For human–human interactions, the assessment component of de-escalation comprises “assessing the aggressor’s emotional state or situation”, “observing and recognizing known warning signs of aggression”, “using all five senses to assess the situation”, “judging the anticipated trajectory of the situation in the context of the individual using existing knowledge”, and “knowing when to intervene” [12] (p. 15). These descriptions reflect part of the challenge in translating de-escalation practices into robots. For example, humans experienced in dealing with agitated individuals may have an intuitive sense of what it means to assess the aggressor’s emotional state or situation and its implications for de-escalation. In contrast, robots do not have innate emotion detection or built-in capacities for empathy or “theory of mind” [17,18] to rely upon in making such behavioural calculations. Furthermore, efforts to build robots or AI systems that can estimate emotional state based on text, acoustical properties of speech, and visual appearance have yet to reach the level of performance associated with humans viewing other humans. Some of the other descriptions are even less helpful. “Knowing when to intervene” is a complex process of being attuned to agitated individuals. It involves making decisions about when to intervene in response to the unique context and circumstances, as opposed to applying a blanket rule. It may also serve as a reminder of the “window of opportunity” to intervene prior to escalation to more serious agitation, aggression, or violence. “Knowing when to intervene”, however, offers little in the way of informing the type of behaviours robots should be attuned to or as a policy to guide their actions.

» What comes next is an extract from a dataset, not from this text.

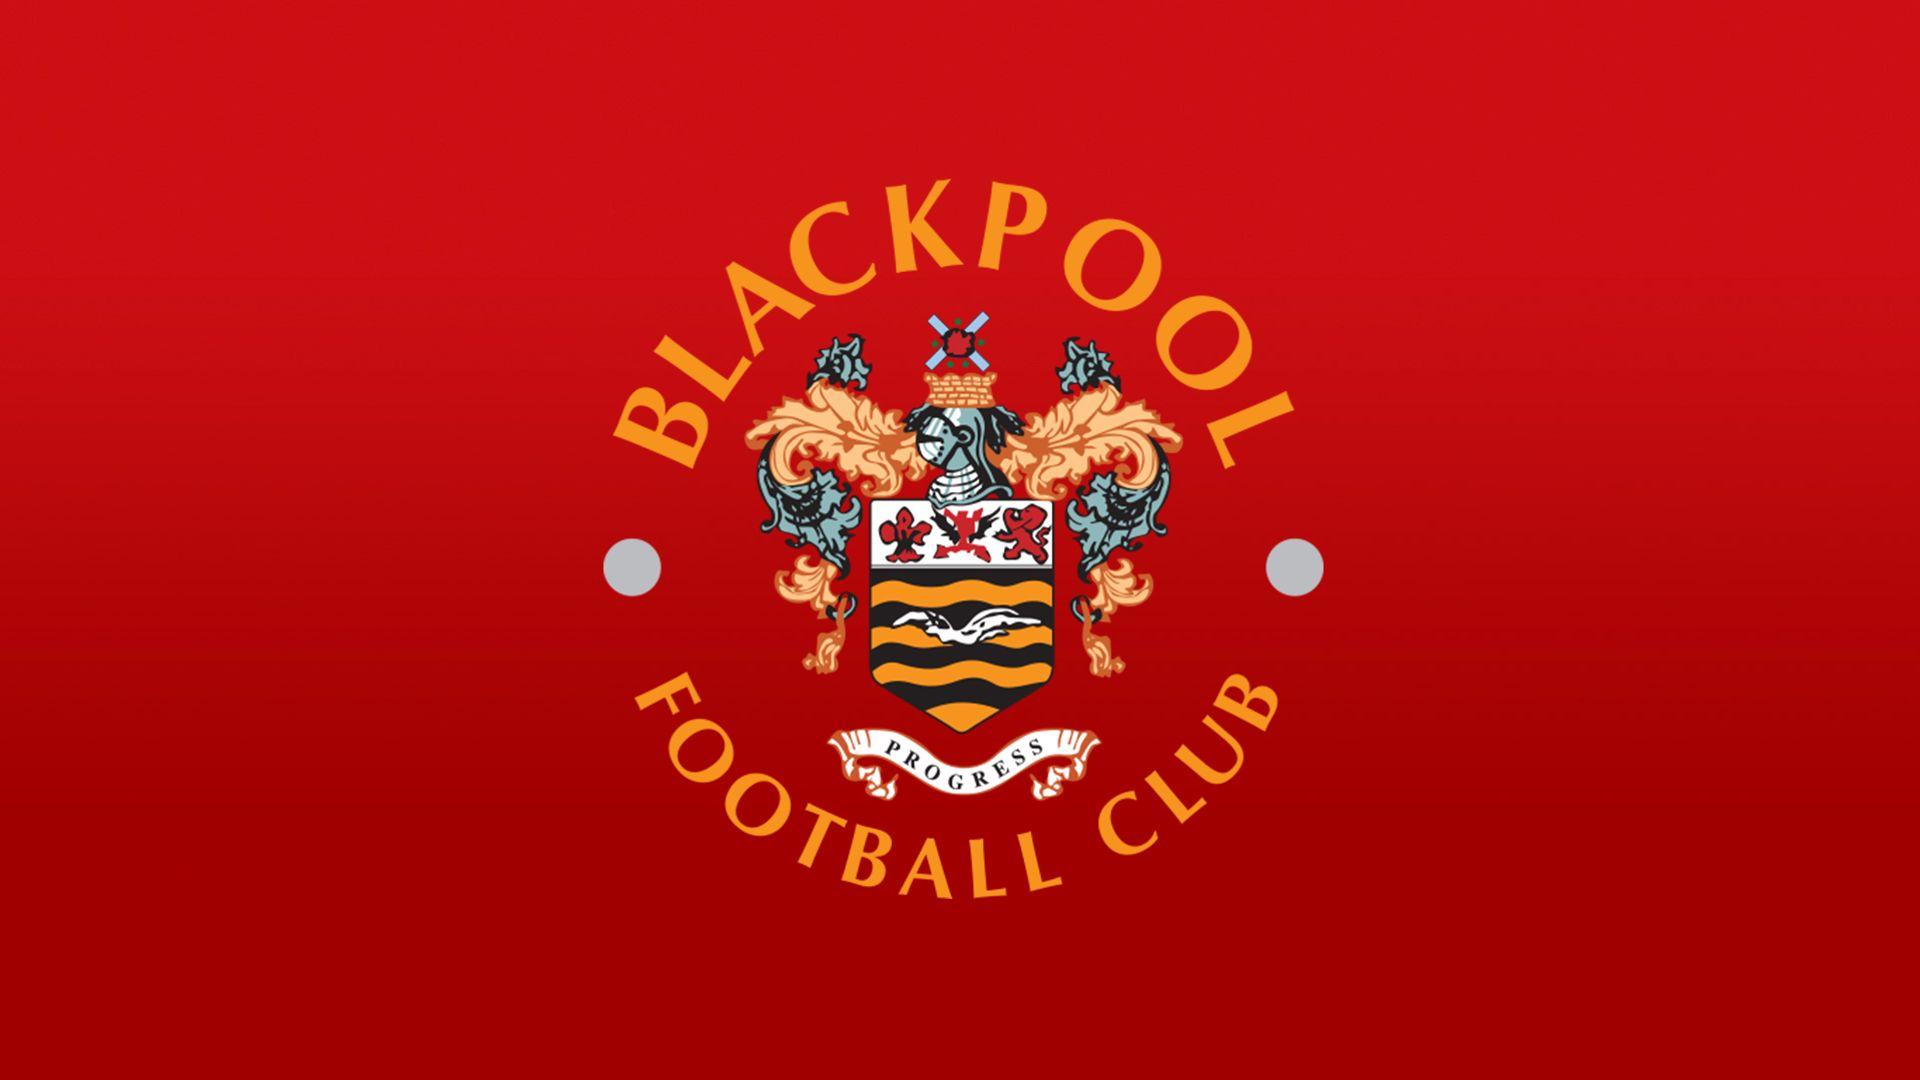 Blackpool fixtures: Championship 2021/22

The escalation of agitation and aggression has been described as occurring on a continuum. Models of this process typically depict escalation in three phases: (1) trigger/activation phase; (2) escalation phase; and (3) crisis phase. In the trigger phase, a catalyst event that induces stress begins the escalation process [19]. In the escalation phase, anxiety and agitation grow, evoking angry emotions [20]. In the crisis phase, the individual experiences a loss of self-control and may act violently towards others [19]. Kaplan and Wheeler [21] describe two additional phases in their “assault cycle” model: recovery and post-crisis depression. During these phases, agitated individuals begin to regulate their emotions and regain self-control. Their abilities to think and act rationally begin to return; they may feel remorseful about their actions, with a dip in mood to below baseline before returning to normal. During the transition from “crisis” to “recovery”, individuals may continue to experience elevated stress hormones. As such, though the immediate crisis may have passed, anger can be easily reignited, prompting a possible return to the crisis phase [21].

McKnight [20] elaborated on the continuum models of agitation and aggression by describing the progression of emotions and behaviours through the stages. Individuals move from a state of calm through to anxiety, agitation, aggression, and violence. Assessing and distinguishing between the different stages of escalation is far from an exact science with clear algorithms, though some authors have attempted to delineate markers of each of the stages, e.g., [20] (p. 33). Furthermore, there is variability in how individuals display emotions and states of agitation. Robots equipped with the hardware and software to perceive and identify these behaviours could rely on actuarial predictions of the state of agitated individuals; the more behaviours an individual displays within a certain stage along the continuum, the more likely they are to be at that stage.

Experts on de-escalation in the context of emergency medicine and psychiatry recommend the use of objective scales to assess agitation [10]. Examples of such measures include the Overt Agitation Severity Scale (OASS) [22] or the Modified Overt Aggression Scale (MOAS) [23]. These scales are behavioural checklists quantifying the severity of agitation based on observable behaviours or varying degrees of specificity. For example, the OASS requires the assessor to indicate the degree of the presence of vocalizations and oral/facial movements (e.g., smacking or licking of lips, chewing, jaw clenching; licking, grimacing, spitting), upper torso and upper extremity movements (e.g., slapping, swatting, hitting at objects or others) and lower extremity movements (e.g., pacing, wandering). The MOAS takes a different approach, classifying signs of agitation and aggression into categories of verbal aggression, aggression against property, self-aggression, and physical aggression. Each category contains subcategories of behaviours ranging from the least severe to most severe form of each type of agitation/aggression. For example, the verbal aggression category asks the assessor to rank agitated individuals according to the structure given in Table 1.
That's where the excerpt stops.